Non-sampling error is not related to sampling and may occur for many reasons. For example, non-response is an important source of non-sampling error. Population coverage, differences in the interpretation of questions, incorrect information from respondents, and mistakes in recording, coding and processing data are other examples of non-sampling errors.
For the 2022 Annual Industrial Consumption of Energy Survey, the non-sampling errors were controlled through a careful design of the questionnaire, the use of a minimal number of simple concepts and consistency checks. Of the units contributing to the estimate, the unweighted response rate was 82.29%.

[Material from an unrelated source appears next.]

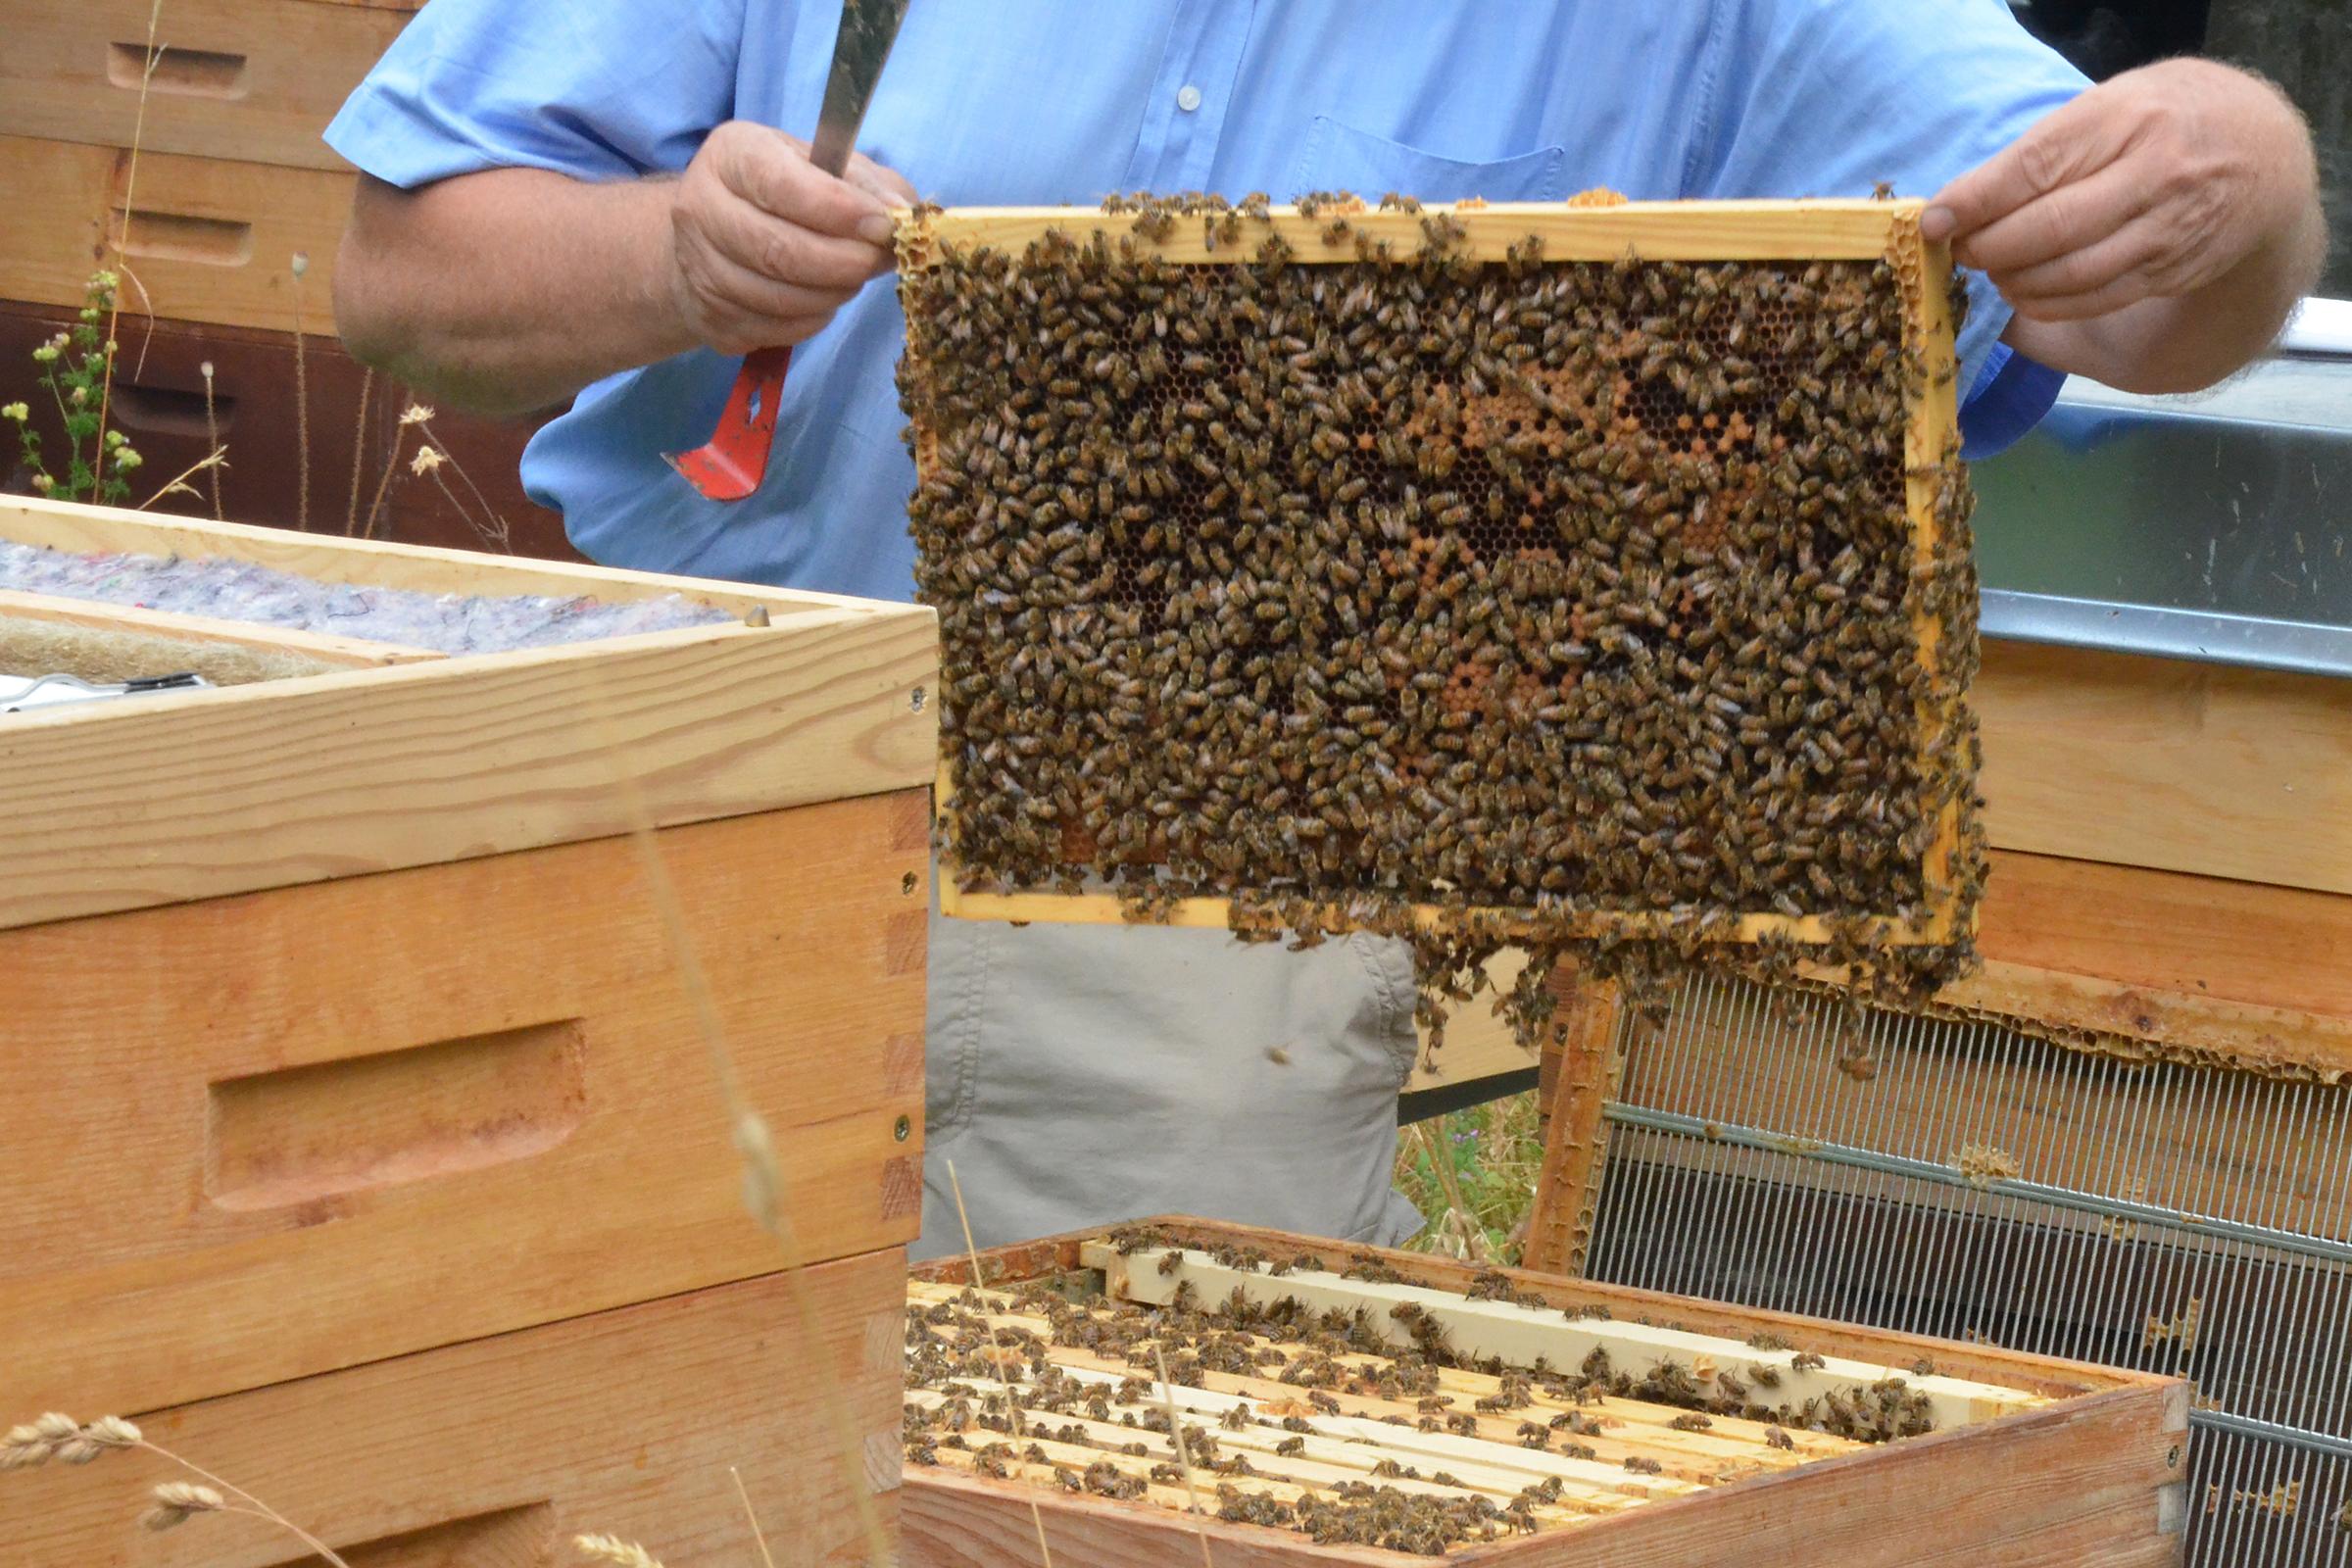 Buckfast-Bienen in der Imkerei Bienenhort Suderwich

Sampling error occurs because population estimates are derived from a sample of the population rather than the entire population. Sampling error depends on factors such as sample size, sampling design, and the method of estimation. An important property of probability sampling is that sampling error can be computed from the sample itself by using a statistical measure called the coefficient of variation (CV). The range of acceptable data values yielded by a sample is called a confidence interval. Confidence intervals can be constructed around the estimate using the CV. The standard error is calculated by multiplying the sample estimate by the CV. The sample estimate plus or minus twice the standard error is then referred to as a 95% confidence interval.
For the 2022 Annual Industrial Consumption of Energy Survey, CVs were calculated for each estimate. Generally, the more commonly reported variables obtained very good CVs (of less than 10%), while the less commonly reported variables were associated with higher but still acceptable CVs (under 25%). Some data might not be released because of poor data quality.